The MQM benefited a great deal, both politically and financially, by being a major partner of General Pervez Musharraf between 1999 and 2007, yet Altaf Bhai’s distance from Karachi and his apparent deteriorating health made him take some decisions which did not go down well with many muhajirs and with other political entities. On May 12, 2007, the MQM was said to have been involved in mass killings of citizens in Karachi who were supporting the Lawyers’ Movement for reinstatement of the dismissed Chief Justice. While still in control over the last decade, there were always rumours that the Quaid was not in his senses all the time, yet no one doubted who the undisputed leader of the MQM was. Yet, over the last few months, trusted and well-loved muhajir leaders were brave enough and returned to Karachi and began to expose the misdeeds of the MQM and its leader, calling him a traitor, murderer, RAW agent, anti-Pakistani.
On August 22, the Quaid, still showing how much control he had over his people, made many derogatory remarks about Pakistan, and called his workers to attack some television stations in Karachi, which they did. However, perhaps for the very first time in 30 years, there was a much stronger condemnation by many MQM leaders over the Quaid’s anti-Pakistan remarks. The parliamentary leader of the MQM was bold enough to say that they ‘disassociate the Pakistan MQM from London’, and the minus-Altaf formula, which many had been demanding, emerged as a possibility. London responded by saying ‘Altafw Hussain is MQM, and the MQM is Altaf’, adding that they would not accept any resolution in the National Assembly against him.
On September 3, Dawn newspaper reported that “the National Assembly witnessed history... when all MQM lawmakers condemned the party’s founder Altaf Hussain’s recent anti-Pakistan diatribe and vowed to disassociate themselves from him”, a resolution which was passed unanimously by all parties. With many cases against him in London, involving money laundering and even a possible role in the murder of Imran Farooq, a former confidant of Altaf Hussain, both now on-going for several years, it is clear that the Quaid is facing his gravest crisis, of many.
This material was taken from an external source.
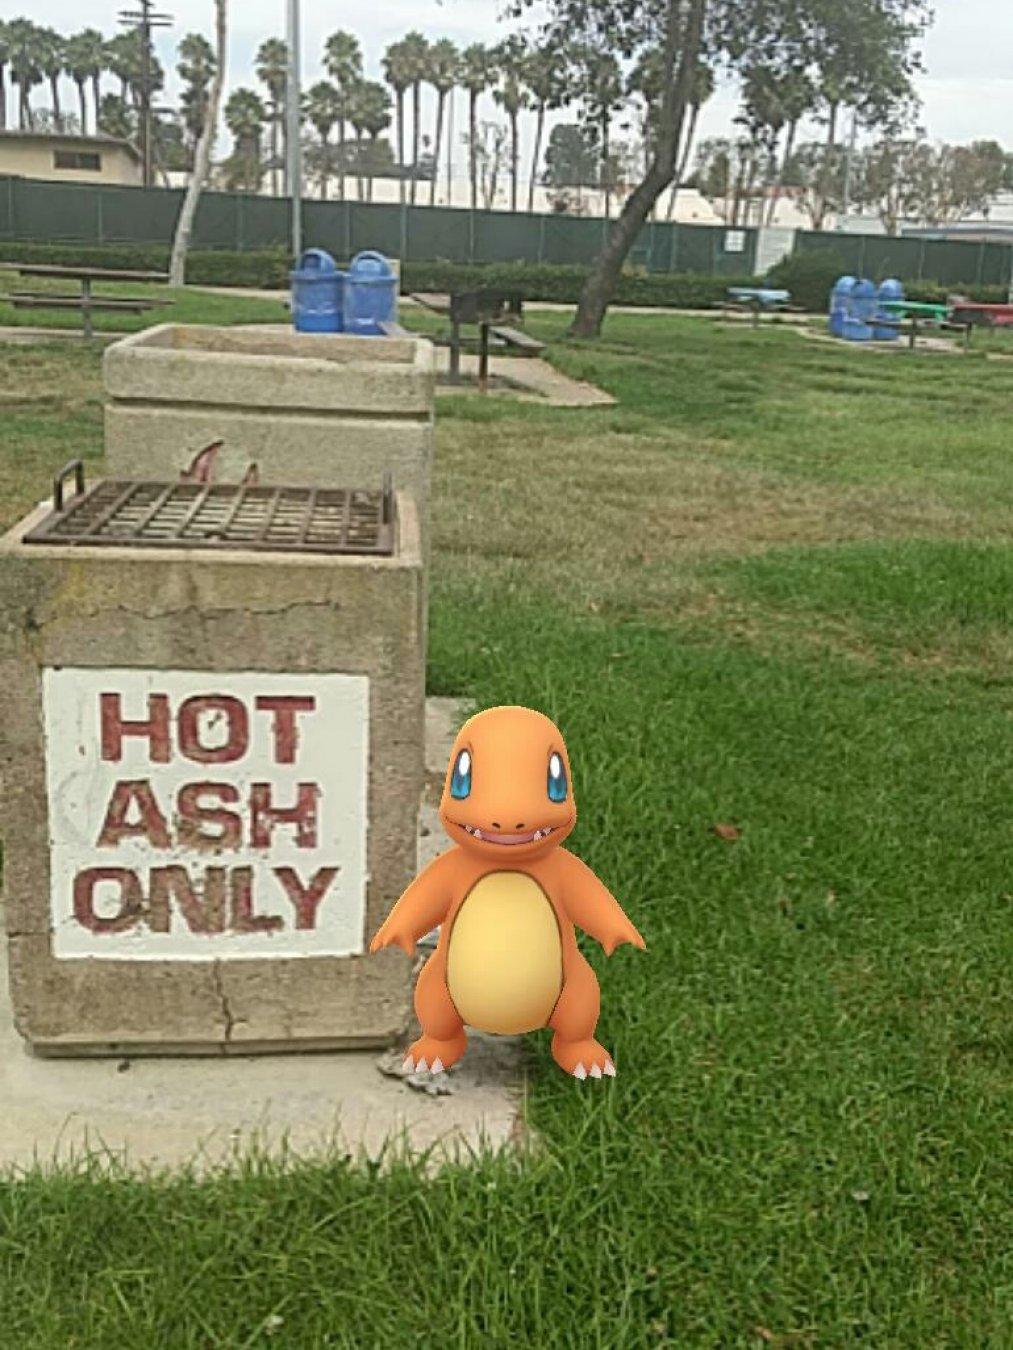 Charmander swore the accident at the #PokemonGo picnic wasn't his fault!

How, and if, he lives through this over the next few months, will determine what happens with the MQM, and with Karachi. This party without this Quaid, offers immense hope, but also brings forth the possibilities of unparalleled fear of blood feuds, for the citizens of Karachi.
S. Akbar Zaidi is a Karachi-based political economist, who teaches one semester a year at Columbia University in New York.